## [WHAT YOU HAVE TO DO]
Leave the pictures out and print, word for word, the lines below from the one with "华语电影演员张雨绮 - 花開有聲 - 花開有聲" through the final line.

## [INFORMATION PROVIDED]
== Segment start ==
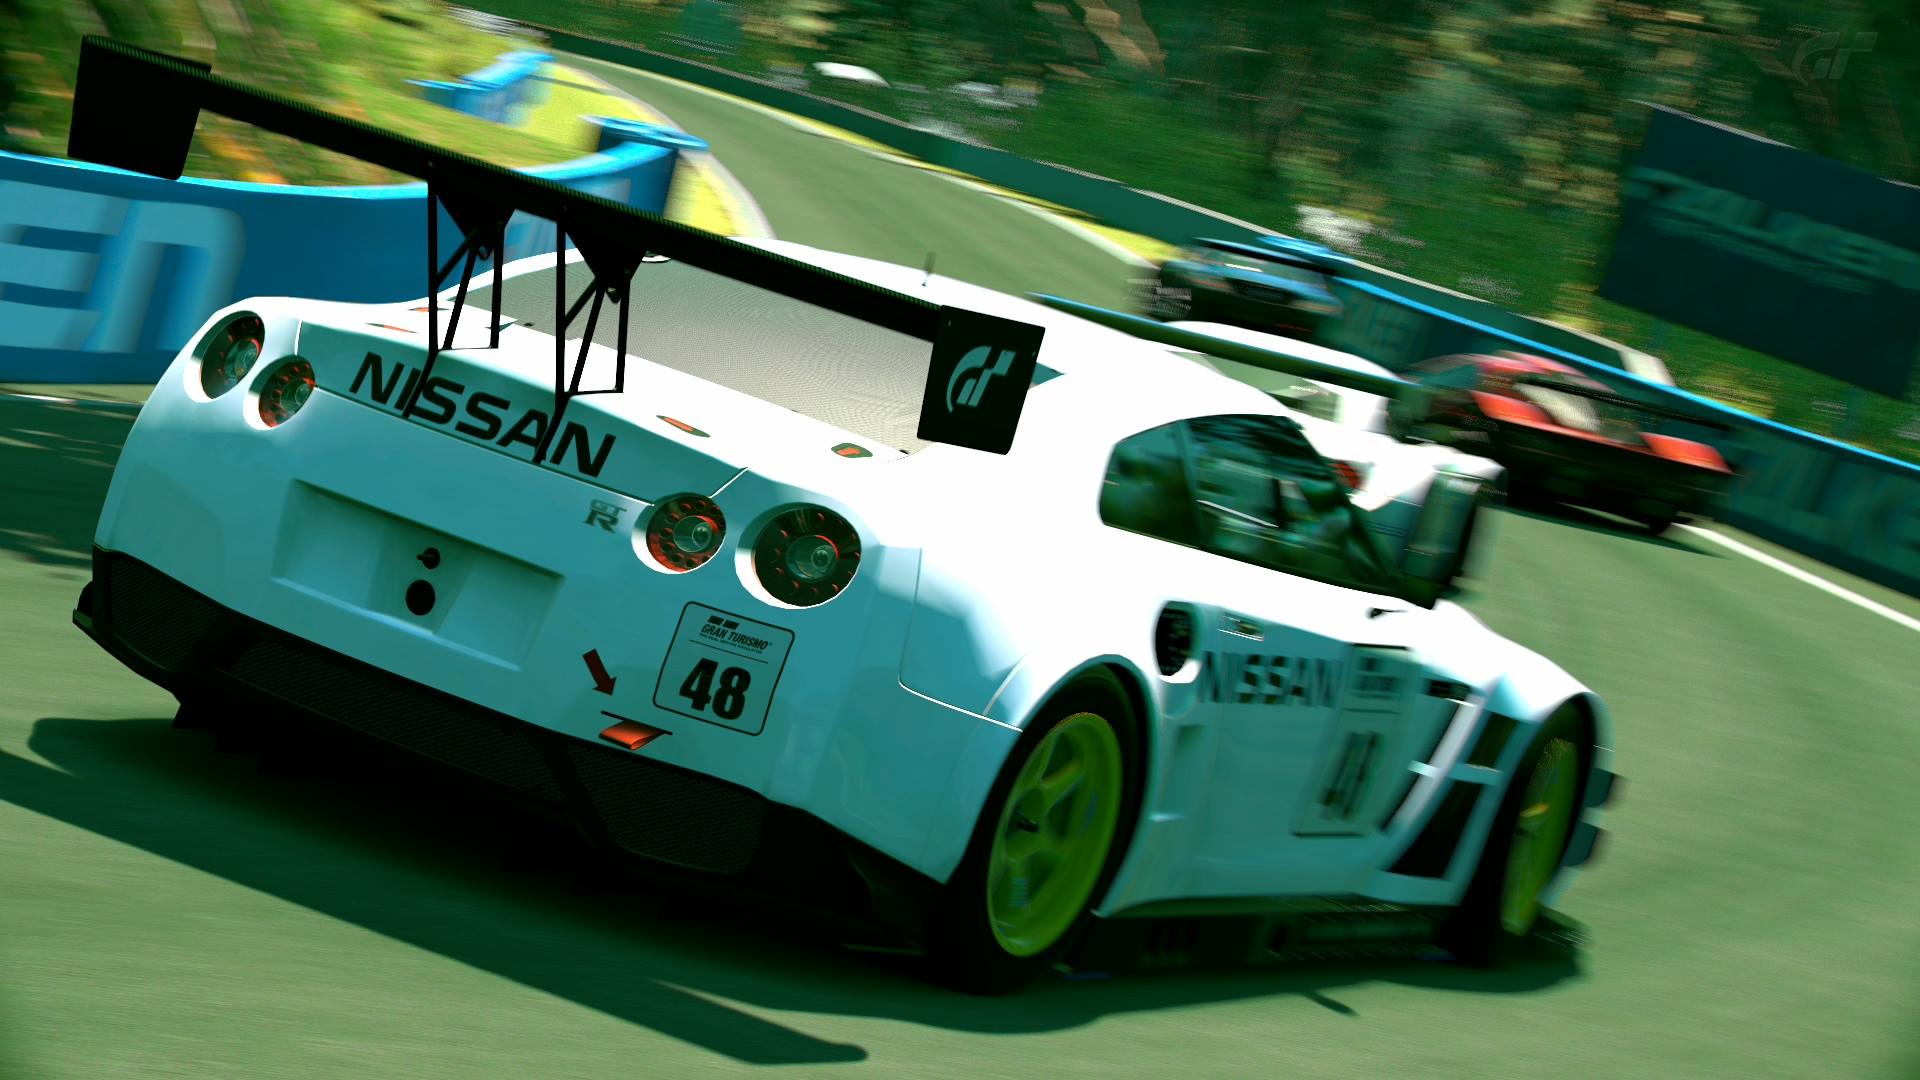 マウントパノラマ モーターレーシングサーキット
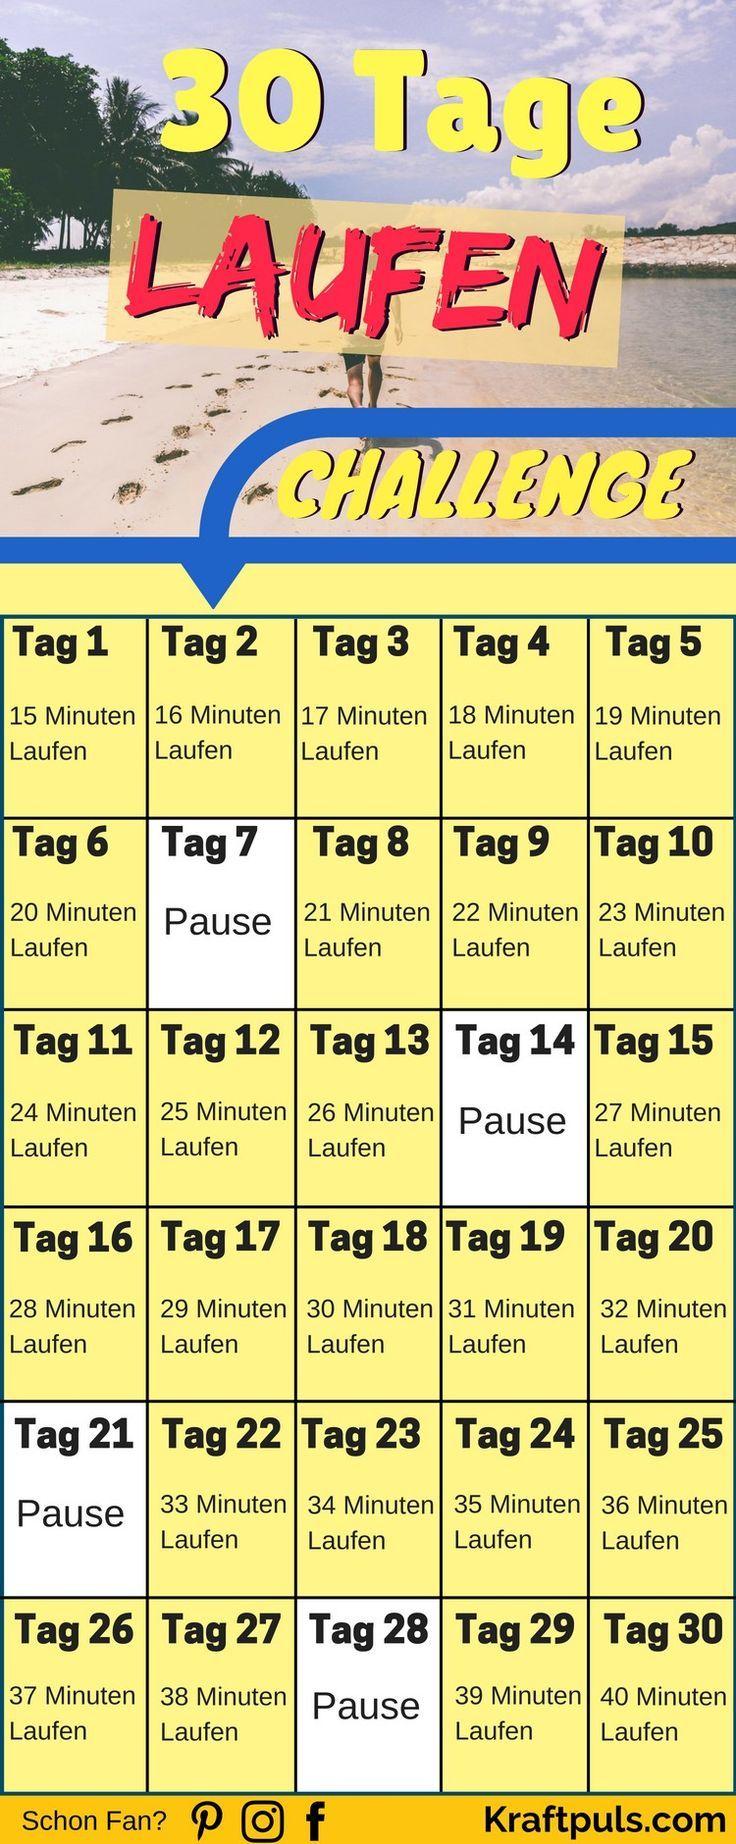 30-Tage Laufen Challenge: So verbrennst du über 10.000 Kalorien!
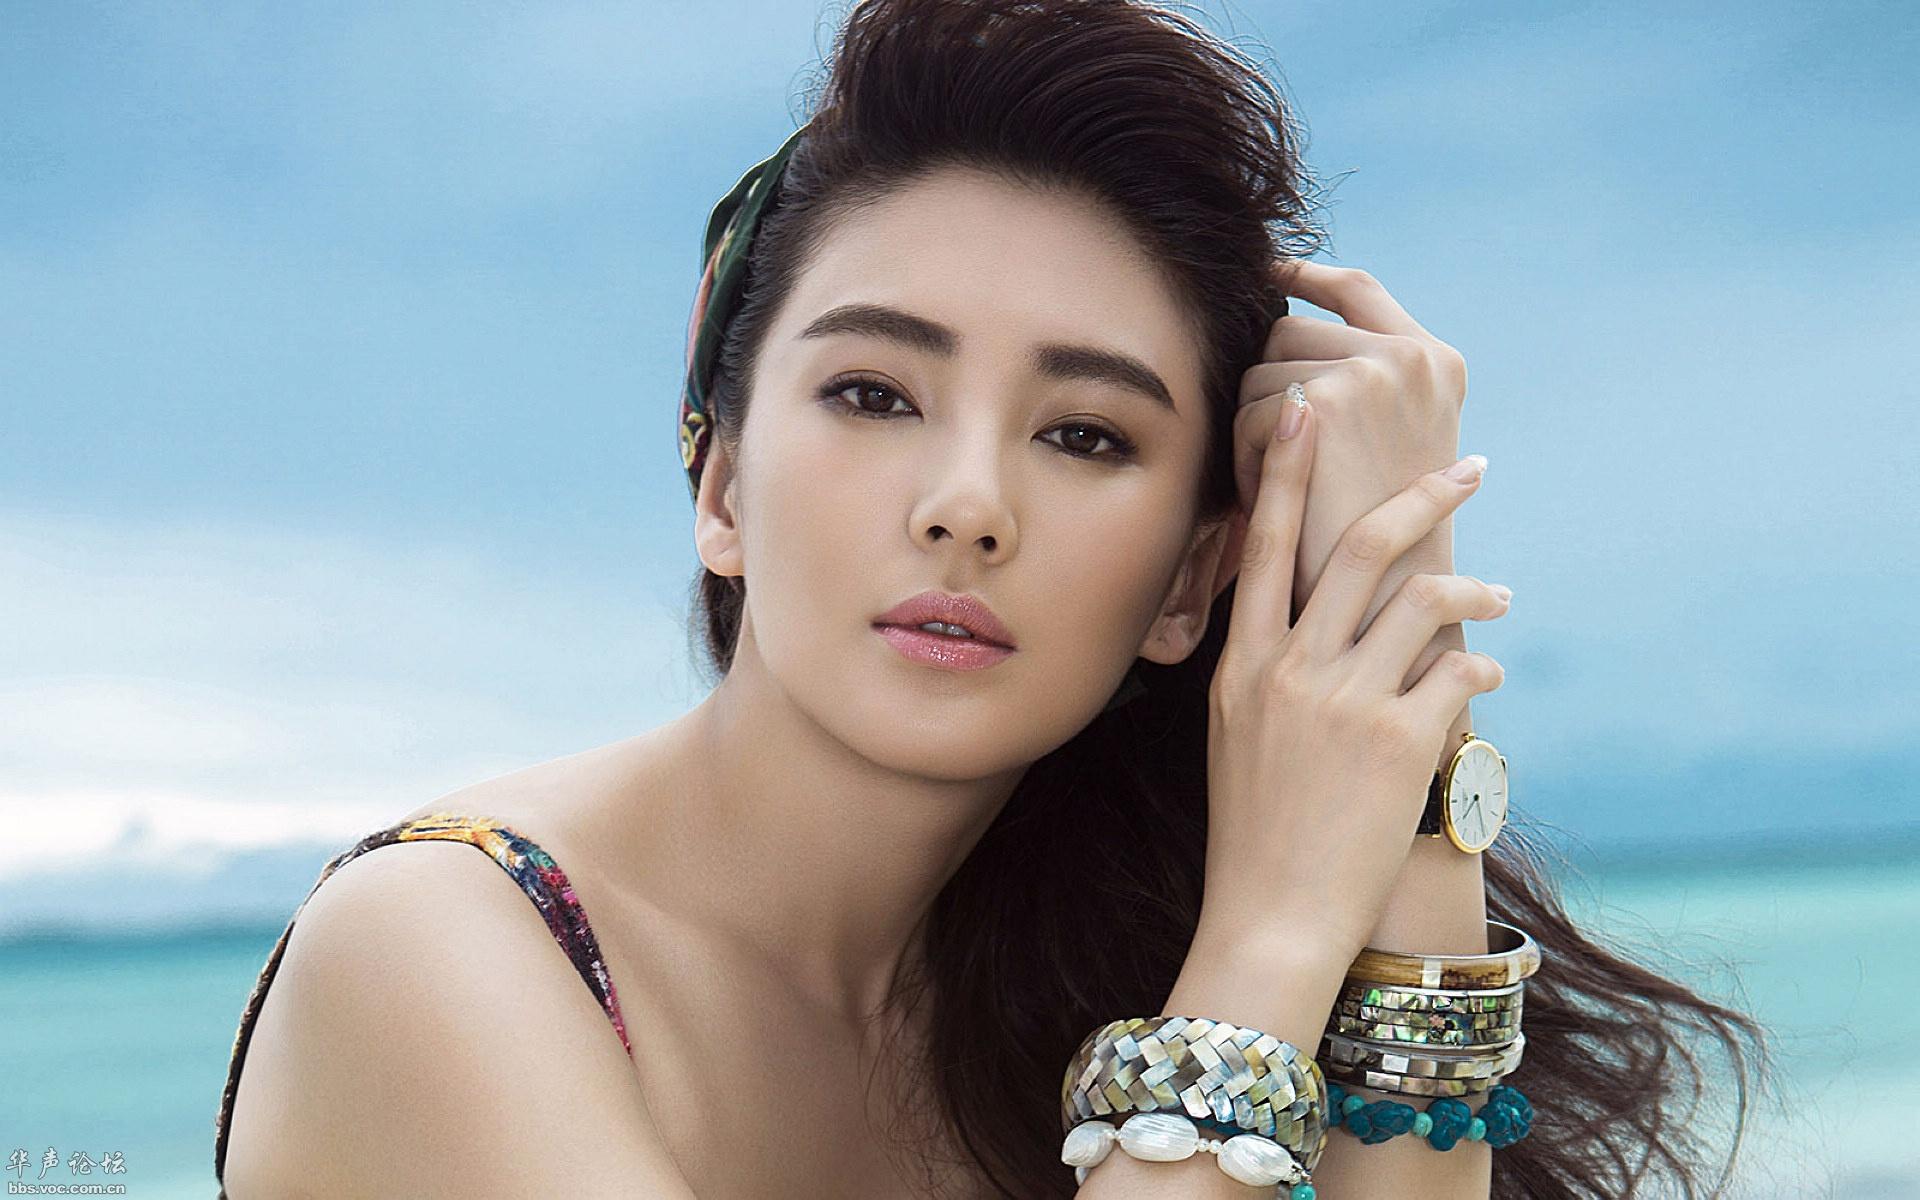 华语电影演员张雨绮 - 花開有聲 - 花開有聲
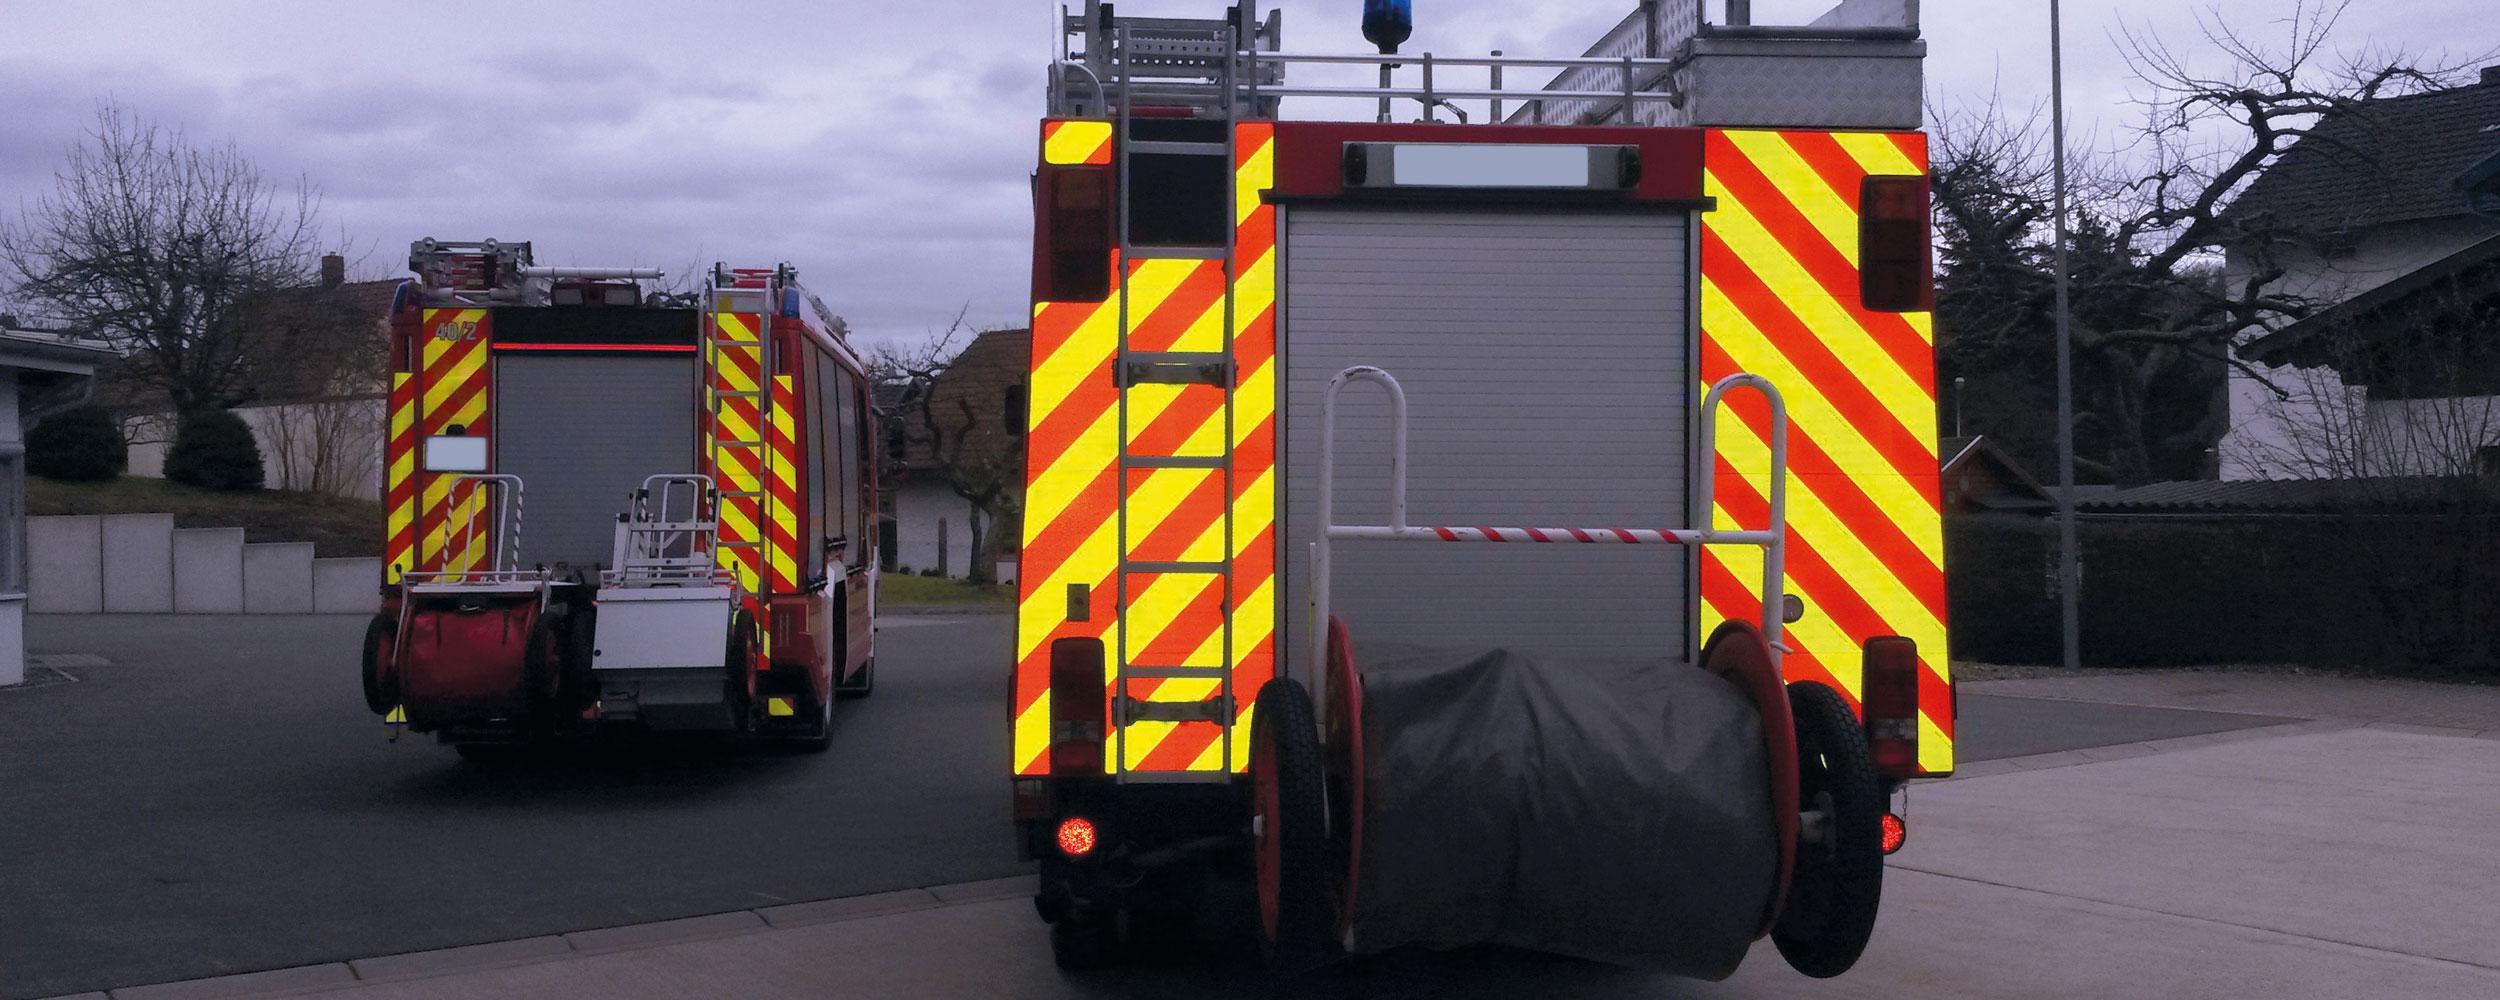 Warnmarkierung für Einsatzfahrzeuge in Coburg
== Segment end ==
## [SOLUTION FOR THIS TASK]
 华语电影演员张雨绮 - 花開有聲 - 花開有聲
 Warnmarkierung für Einsatzfahrzeuge in Coburg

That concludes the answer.